Articles vs. Shareholders’ Agreement
Swiss practitioners often supplement the articles of association with a separate shareholders’ agreement (Aktionärsbindungsvertrag). The distinction is important:
| Feature | Articles of Association | Shareholders’ Agreement |
|---|---|---|
| Legal nature | Corporate constitution | Contractual arrangement |
| Binding on | Company and all shareholders | Only the signatory parties |
| Public access | Filed with commercial registry | Confidential |
| Amendment | Shareholders’ meeting resolution + notarisation | Agreement of signatory parties |
| Enforcement | By the company and any shareholder | Only by signatory parties |
Provisions that founders may prefer to keep confidential — such as vesting schedules, drag-along rights, pre-emption rights, and detailed governance arrangements — are typically placed in the shareholders’ agreement rather than the articles.
Drafting Considerations
Language
The articles may be drafted in any of Switzerland’s official languages (German, French, Italian, Romansh) or in English. However, the commercial registry may require a translation into the official language of the canton. In practice, most articles in German-speaking cantons are drafted in German, with an English translation maintained for international shareholders.
Level of Detail
Swiss law favours concise articles that set out essential provisions, with operational details addressed in regulations (Organisationsreglement) adopted by the board. Overly detailed articles create administrative burden, as every amendment requires a shareholders’ resolution and notarisation.
Future-Proofing
Founders should draft articles with future capital raises, governance changes, and potential exit scenarios in mind. Common provisions that save time and cost later include:
- Authorised capital provisions
- Conditional capital for employee options
- Flexible purpose clauses
- Provisions permitting virtual shareholders’ meetings (permitted since the 2023 reform)
- Capital band provisions
Amendment Process
Amending the articles of association requires:
- A proposal from the board of directors
- A resolution of the shareholders’ meeting (typically requiring a qualified majority of two-thirds of the votes represented and an absolute majority of the nominal value of shares represented)

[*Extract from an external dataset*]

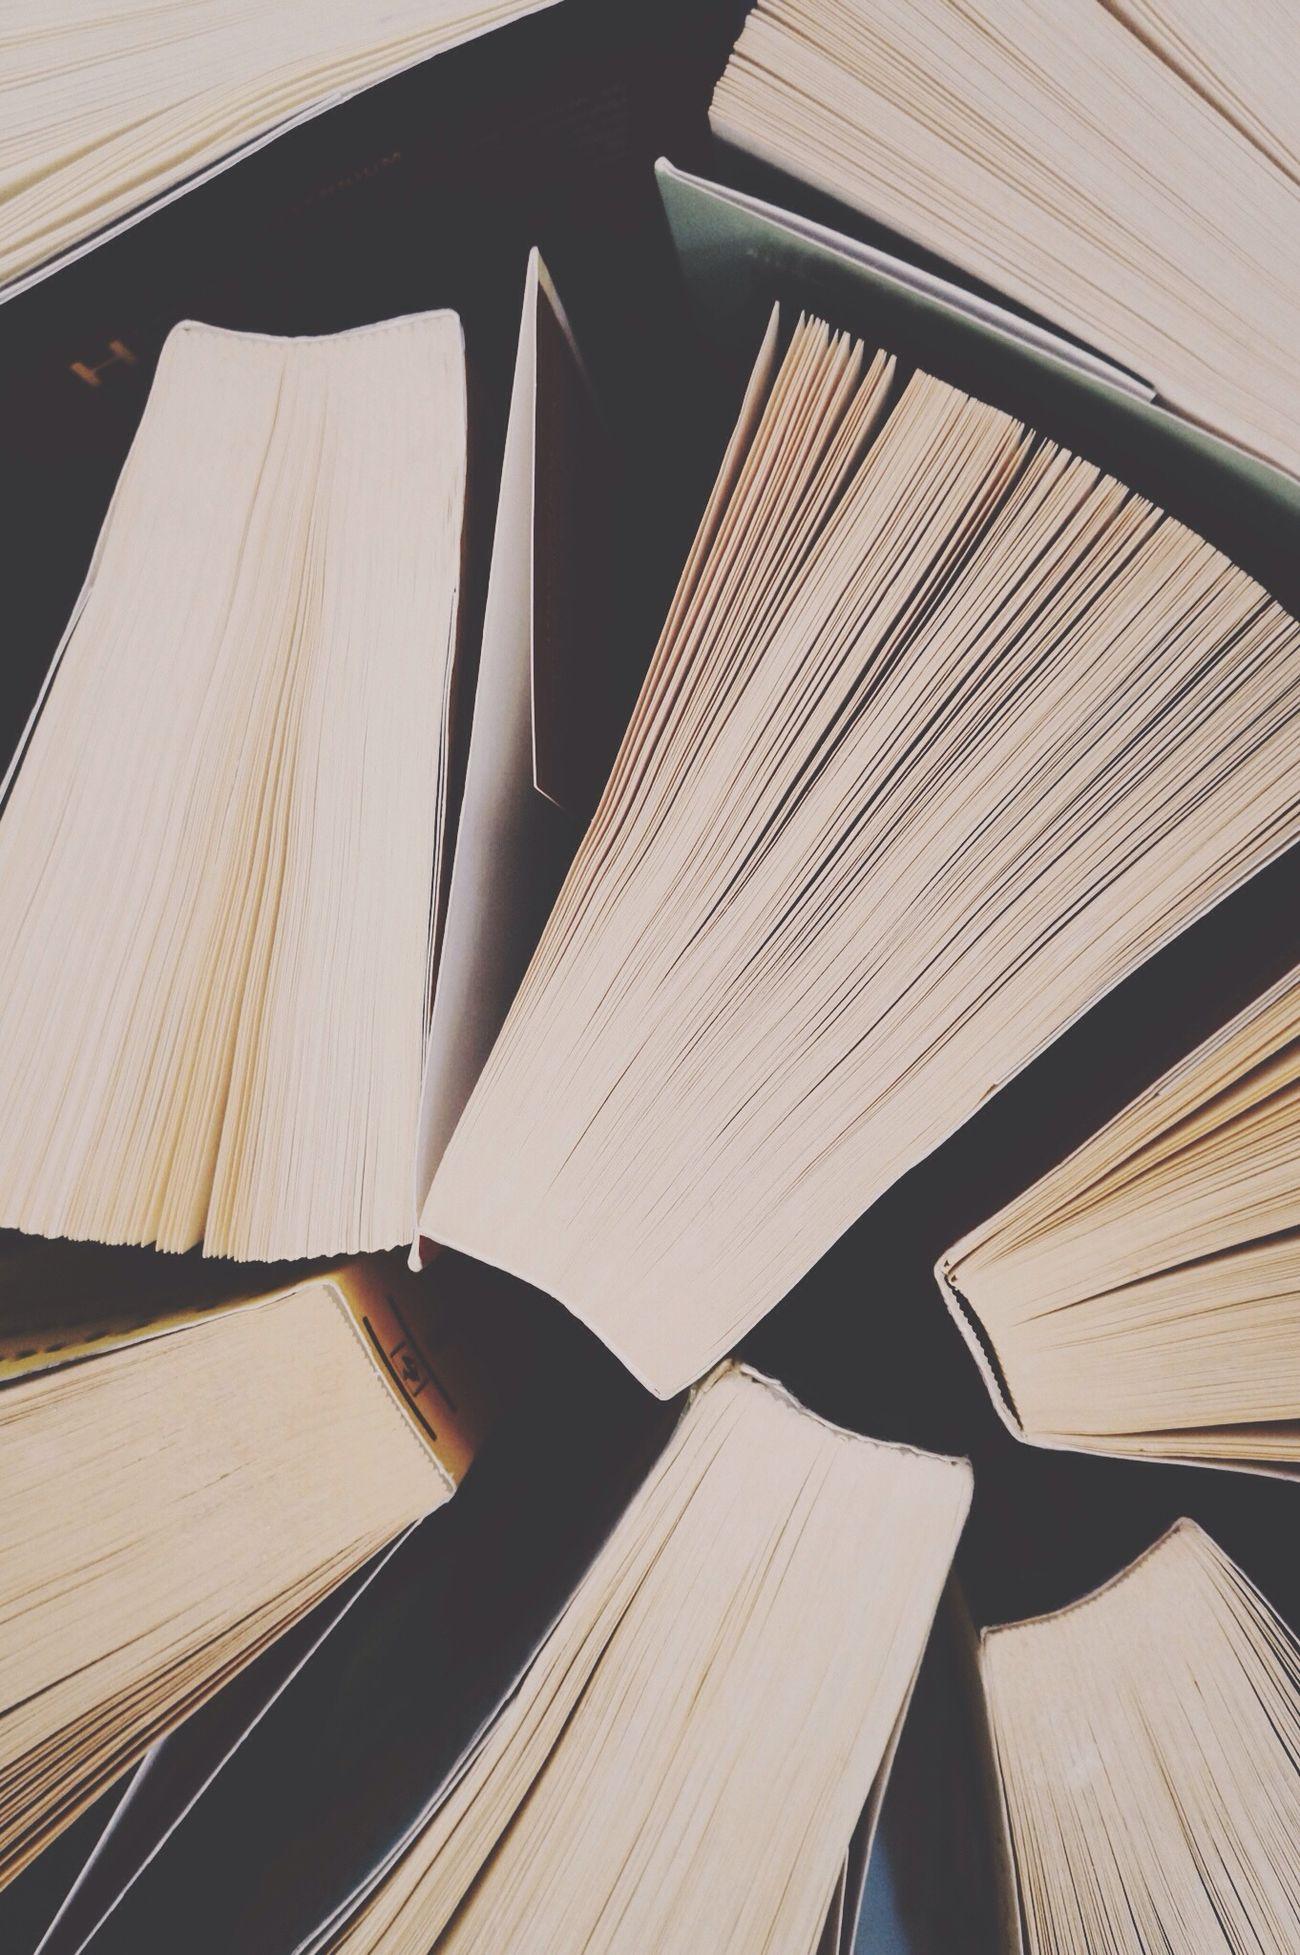 Paper Education Books Book Lovebooks Bookslover Bookstagram Bookworm Bookporn Bookphoto Books ♥ Bookaholic Read Reading Reading A Book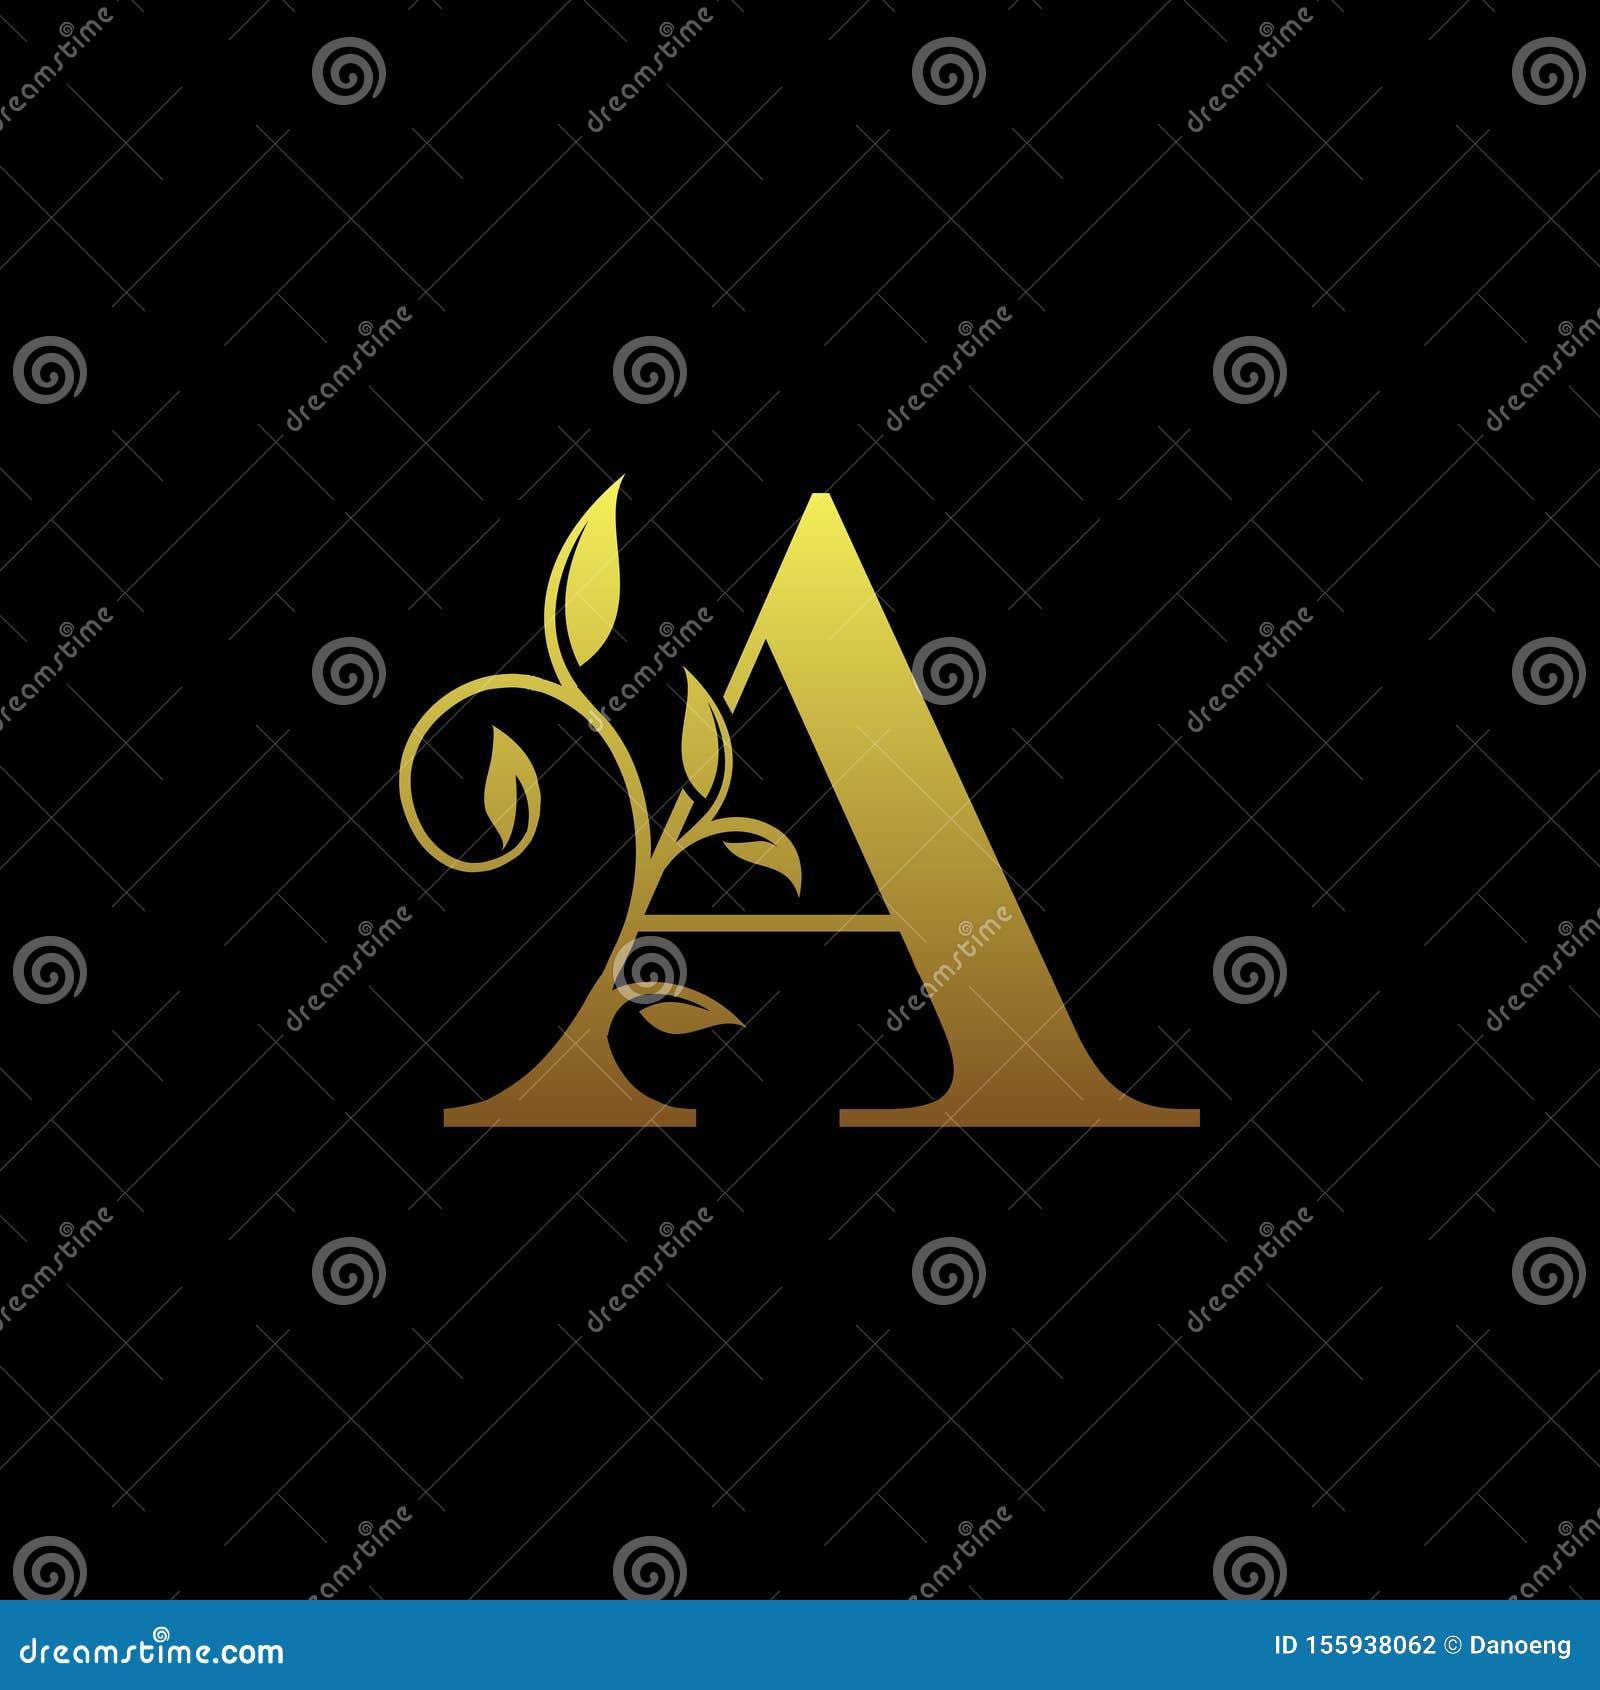 Feminine Floral Letter Logo Template:  Letter L. Luxury Logo Template Flourishes Calligraphic

- Notarisation of the amendment
- Registration of the amendment with the commercial registry
The commercial registry will not register amendments that conflict with mandatory provisions of law.
Template Structure
A standard set of articles for a Swiss AG typically follows this structure:
- Name, registered office, and purpose (Articles 1–3)
- Share capital and shares (Articles 4–8)
- Shareholders’ meeting — convocation, quorum, voting, resolutions (Articles 9–15)
- Board of directors — composition, powers, organisation (Articles 16–22)
- Auditor (Article 23)
- Financial statements and profit distribution (Articles 24–26)
- Dissolution and liquidation (Articles 27–28)
- Notices and publications (Article 29)
- Transitional provisions (Article 30)
Common Mistakes
- Purpose clause too narrow: A purpose limited to a single activity may require an amendment (and notarisation) when the business diversifies.
- Missing transfer restrictions: Without vinkulierung, registered shares may be freely transferred, potentially allowing unwanted parties into the shareholder base.
- No authorised capital: Omitting this provision means every fundraising round requires a shareholders’ meeting and notarisation, adding time and cost.
- Ignoring the 2023 reforms: Articles drafted before the corporate law reform may not take advantage of new provisions (capital bands, virtual meetings, cryptocurrency for capital contributions).
- Overlooking stamp duty implications: The structure of the articles can affect the timing and amount of issuance stamp duty on capital contributions.
Donovan Vanderbilt is a contributing editor at ZUG BUSINESS. This article is informational and does not constitute legal, tax, or financial advice.